MATERIALS AND METHODS
C2Bbe1 cells.C2Bbe1 cells (ATCC) were maintained in Dulbecco’s modified Eagle’s medium (DMEM) supplemented with 0.01 mg/ml human transferrin (Sigma) and 10% fetal bovine serum (FBS). Cells, 2.5 × 104 cells/well, were plated on 96-well plates previously coated with human placental collagen, type IV (Fig. 1 to 3 and 4G). The cultures were incubated for 4 days prior to infection, with a medium change every day. For Fig. 3C and 4C, 6.0 × 104 cells/well were seeded in 24-well plates on rat tail collagen-coated wells, and for Fig. 4F and 5C, F, and H, 8.0 × 104 cells/well were seeded on acid-washed glass coverslips in 24-well plates 24 h prior to infection.
hIE cells.Human ileal enteroids (HIE5) were originally cultured from normal healthy ileal tissue from one patient acquired from surgical resection, as previously described (17). For continuous culture, human ileal enteroids were maintained in Matrigel domes in human complete crypt culture medium (hCCCM): 50% Wnt3a conditioned medium (CM), 10% R-spondin-1 CM, 10% noggin CM, 1× B-27 supplement, 10 mM HEPES, 1× Glutamax, 1× antibiotic-antimycotic, 1 mM N-acetyl-l-cysteine (Sigma), 10 μM Y-27632, 50 ng/ml epidermal growth factor (EGF; Peprotech), 10 nM gastrin (Sigma), 50 ng/ml fibroblast growth factor 2 (basic fibroblast growth factor; Peprotech), 100 ng/ml insulin-like growth factor 1 (BioLegend), and 10 mM nicotinamide in DMEM. CM production and quality control were performed as previously described (17). All medium components were from Thermo Fisher Scientific, except where noted.
Monolayers of hIE cells derived from human ileal enteroids were generated as previously described (17). Briefly, human ileal enteroids were removed from Matrigel using cell recovery solution (Thermo Fisher Scientific), dissociated in 0.05% trypsin at 37°C for 5.5 min, quenched with DMEM containing 10% FBS, 10 mM HEPES, and 1× Glutamax, and mechanically dissociated with a pipette. Cells were passed through a 40-μm cell strainer, centrifuged at 400 × g for 5 min, and resuspended in hCCCM. Cells, 3.0 × 105 cells/well, were plated on 96-well plates previously coated with human placental collagen, type IV (Sigma), for all experiments except for those shown in Fig. 4D and 5A, D, and G, where 1.8 × 105 cells/well were plated on μ-slide angiogenesis slides (Ibidi). The medium was changed to hCCCM lacking nicotinamide, Y-27632, and antibiotics 1 day after seeding. The cultures were incubated for 5 days prior to infection, with medium changes every 2 days.

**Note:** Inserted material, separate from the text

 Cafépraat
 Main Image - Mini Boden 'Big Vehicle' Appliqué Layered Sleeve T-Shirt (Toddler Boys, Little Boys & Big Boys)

mIE cells.Mouse enteroids were derived from ileal tissues. WT C57BL/6N mice were purchased from Charles River (stock number 027). Casp1/11−/− and Casp11−/− mice were obtained from Genentech (13), while Casp1−/− (63) mice were a kind gift from Isabella Rauch and Russell Vance. All mice were repeatedly backcrossed on the C57BL/6N background and were housed under specific-pathogen-free conditions. Mouse enteroids were cultured in Matrigel domes in mouse complete crypt culture medium (mCCCM): 50% CM containing Wnt3a, R-spondin-3, and noggin derived from L-WRN cells (ATCC) in advanced DMEM/F12 supplemented with 1× Glutamax, 10 mM HEPES, 1× penicillin streptomycin, 1× B-27 supplement, 1× N-2 supplement, 1.25 mM N-acetyl-l-cysteine (Sigma-Aldrich), 10 mM nicotinamide (Sigma), 50 ng/ml murine epidermal growth factor, 0.5 μM A83-01 (Tocris), 10 μM SB 202190 (Sigma-Aldrich), and 10 μM Y-27632 (AbMole). All medium components were from Thermo Fisher Scientific, except where noted.

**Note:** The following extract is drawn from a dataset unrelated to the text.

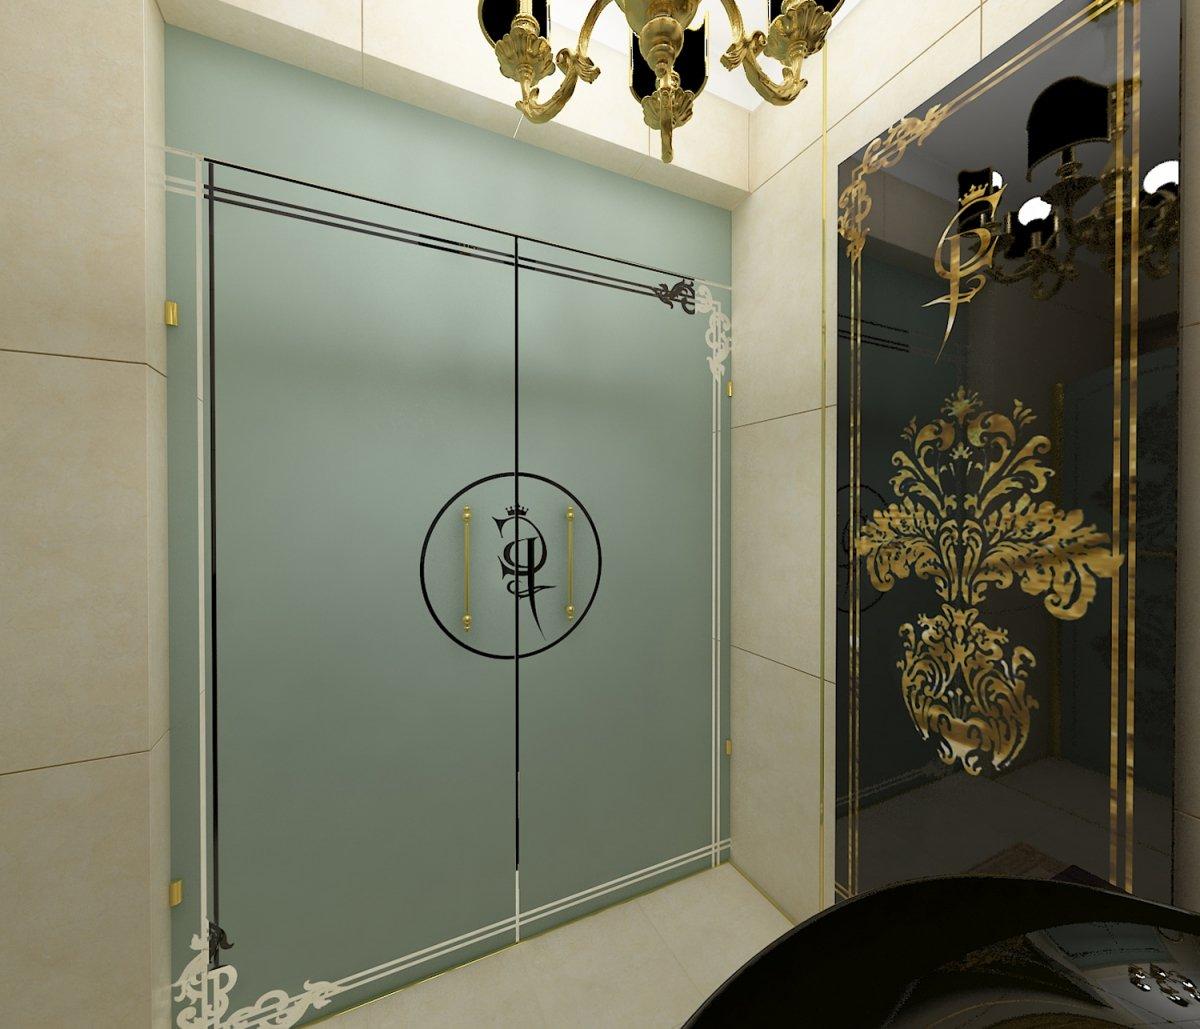 Design interior si amenajare interioara pentru o casa - Chic-15

mIE monolayers cells were generated as previously described (66, 67), with modifications. Briefly, mouse enteroids were resuspended in cell recovery solution, dissociated in 0.05% trypsin at 37°C for 10 min, and mechanically dissociated with a pipette. Cells were centrifuged at 400 × g for 5 min and resuspended in mCCCM. Cells, 5.0 × 104 cells/well, were plated on 96-well plates previously coated with collagen I (Corning) for all experiments except for those shown in Fig. 4E and 5B, E, and G, where 2.0 × 105 cells/well in 24-well plates were plated onto glass coverslips previously coated with human embryonic stem cell (hESC)-qualified ready-to-use Geltrex (Thermo Fisher Scientific) for 1 h at 37°C. The medium was changed to mCCCM lacking nicotinamide, A83-01, and SB 202190 1 day after seeding. The cultures were incubated for 5 days prior to infection, with medium changes every 2 days.

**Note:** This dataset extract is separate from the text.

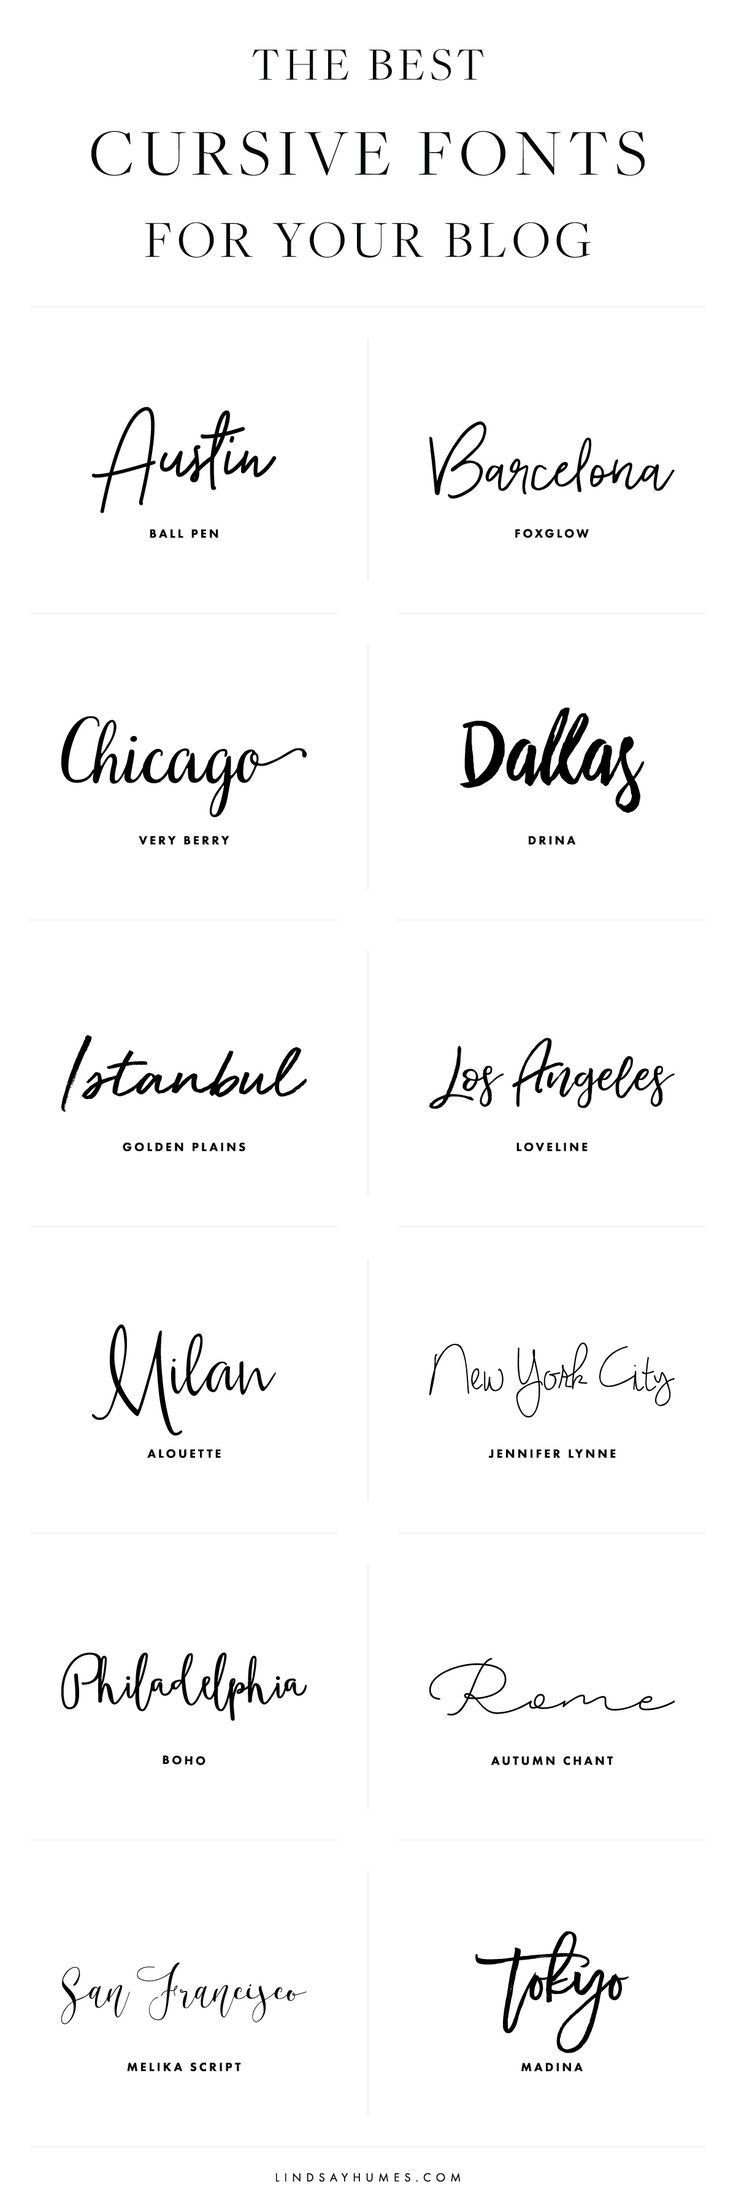 The Best Cursive Fonts For Your Blog Design

Ethics statement.All mouse experiments were performed in strict accordance with the guide for the care and use of laboratory animals of the National Institutes of Health and in accordance with the international guiding principles for biomedical research involving animals. Protocols were approved by the Institutional Animal Care and Use Committee of the University of British Columbia.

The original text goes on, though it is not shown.